特に、ミツバチと比べて【低温でも活動できる】点が大きな強みである。
| 気温 | 訪花量の目安 |
|---|---|
| 8〜10℃ | 20〜30%(ミツバチが飛ばない温度でも活動) |
| 12〜15℃ | 60〜80%(安定した訪花) |
| 16〜22℃ | 最も活発 |
| 25℃以上 | やや低下 |
| 30℃以上 | 暑さに弱く、活動が半分以下になる |
活動が鈍る環境
- 高温(30℃以上)では活動が低下する
- 強風に弱く、飛行が不安定になる
- 雨天では訪花が大きく減少する
- 巣の近くに花が少ないと活動範囲が狭くなる
4. 成虫の特徴(現場 × 生理学)
見た目
丸みのある体型と密な体毛が特徴で、体長は10〜23mmとミツバチより大きい。体毛が多いため花粉が付着しやすく、ブルーベリーの花粉を全身にまとって飛ぶ姿がよく見られる。
動き・行動
- 花にしがみつき、体を震わせて花粉を出す
- 同じ種類の花を集中的に訪れる習性がある
- 飛行速度が速く、効率よく花を巡回する
- 巣から1〜2kmの範囲を行動圏とする
耐性(乾燥・水没・寒さなど)
- 寒さに強く、10℃前後でも活動できる
- 暑さに弱く、30℃以上では活動が低下する
- 雨天時は活動が大きく減少する
- 体毛が多いため、水に濡れると飛びにくくなる
観察のしやすさ(家庭菜園レベル)
大型で羽音も大きいため、訪花しているとすぐに気づく。
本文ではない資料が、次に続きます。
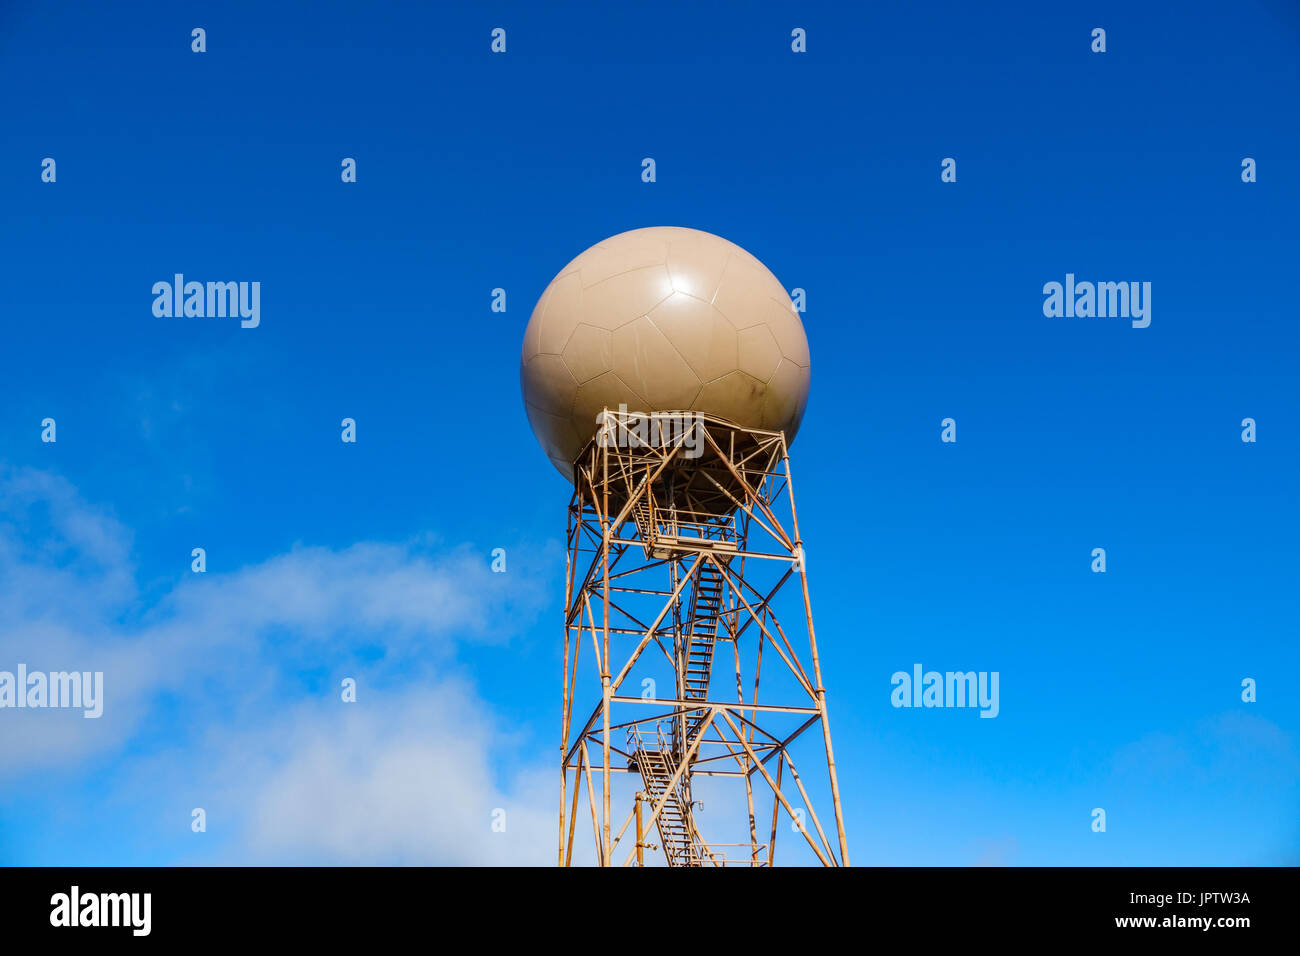 Ballon-Radar über blauen Himmel Stockfoto

ブルーベリーの花にしがみついて震わせる姿は観察しやすく、家庭菜園でも存在感がある。
5. 益虫としての働き(効果の出方)
マルハナバチの受粉効果は、以下の段階で発揮される。
- 低温時から活動し、早朝から採餌を開始する
- 花にしがみつき、体を震わせて花粉を出す
- 体毛に花粉が大量に付着する
- 深い花でも確実に受粉が進む
- 受粉量が多いため果実肥大が安定する
6. 圃場への定着・侵入経路
マルハナバチは自然界に広く生息しており、ブルーベリー圃場にも自然に飛来する。
- 周辺の草地・林縁からの飛来
- 越冬した女王が春に活動を開始して訪花
- 地中や草地に巣を作るため、圃場周辺の環境が重要
7. 発生時期と年間サイクル
マルハナバチは年に一度、女王が巣を作り直す生活サイクルを持つ。
- 春:越冬した女王が巣作りを開始
- 初夏:働き蜂が増え、訪花量が最大化
- 夏:巣の規模が最大になり、採餌が安定
- 秋:新しい女王と雄蜂が羽化し、交尾が行われる
- 冬:新女王のみが越冬し、他の個体は寿命を迎える
8. 家庭菜園でできる活用方法
幼虫の活用(最重要)
幼虫は巣内で育つため直接活用はできないが、巣を作りやすい環境を整えることで翌年の訪花量を増やせる。
- 地面を完全に裸地にしない
- 草地や落ち葉を一部残す
- 巣作りを妨げる過度な整地を避ける
成虫の活用
- 開花期の農薬を散布しない
- ブルーベリー周辺にハーブ類を植えて餌資源を増やす
- 風よけを設置し、飛行しやすい環境を作る
- 水場を確保する(浅い皿に石を入れる)
9. 農薬との共存(ブルーベリー栽培における注意点)
影響の少ない薬剤・散布タイミング
マルハナバチは農薬に弱いため、散布には細心の注意が必要である。
- 開花期の殺虫剤散布は避ける
- 散布は夕方以降に行う
- ネオニコチノイド系薬剤は特に注意する
- 殺菌剤も開花期は控える
10. 家庭菜園向けチェックリスト
- 開花期に農薬を散布していないか
- 圃場周辺に花資源があるか
- 風よけが確保されているか
- 水場を設置しているか
- 晴天時に訪花が確認できるか
11. まとめ
マルハナバチは、ブルーベリー栽培における非常に重要な受粉昆虫である。特に低温時の訪花能力と、花を震わせて花粉を出す行動による高い受粉効率は、ミツバチでは代替できない強みである。冷涼地や春先の気温が不安定な地域では、マルハナバチの存在が収量を大きく左右する。
- 深い花でも確実に受粉できる
- 低温時でも活動し、受粉の安定化に貢献する
- 花を震わせて花粉を出すため受粉効率が高い
- 暑さに弱いため、夏季の管理が重要
- 自然環境を整えることで定着が期待できる
参考(代表名称のみ)
- 農研機構(NARO)
- 日本昆虫学会資料
- 果樹試験場報告(受粉昆虫研究)
- 海外研究(マルハナバチの訪花行動)
※注釈:気温と訪花量の数値は、複数の研究報告を統合した傾向値であり、地域差・群勢差によって変動する。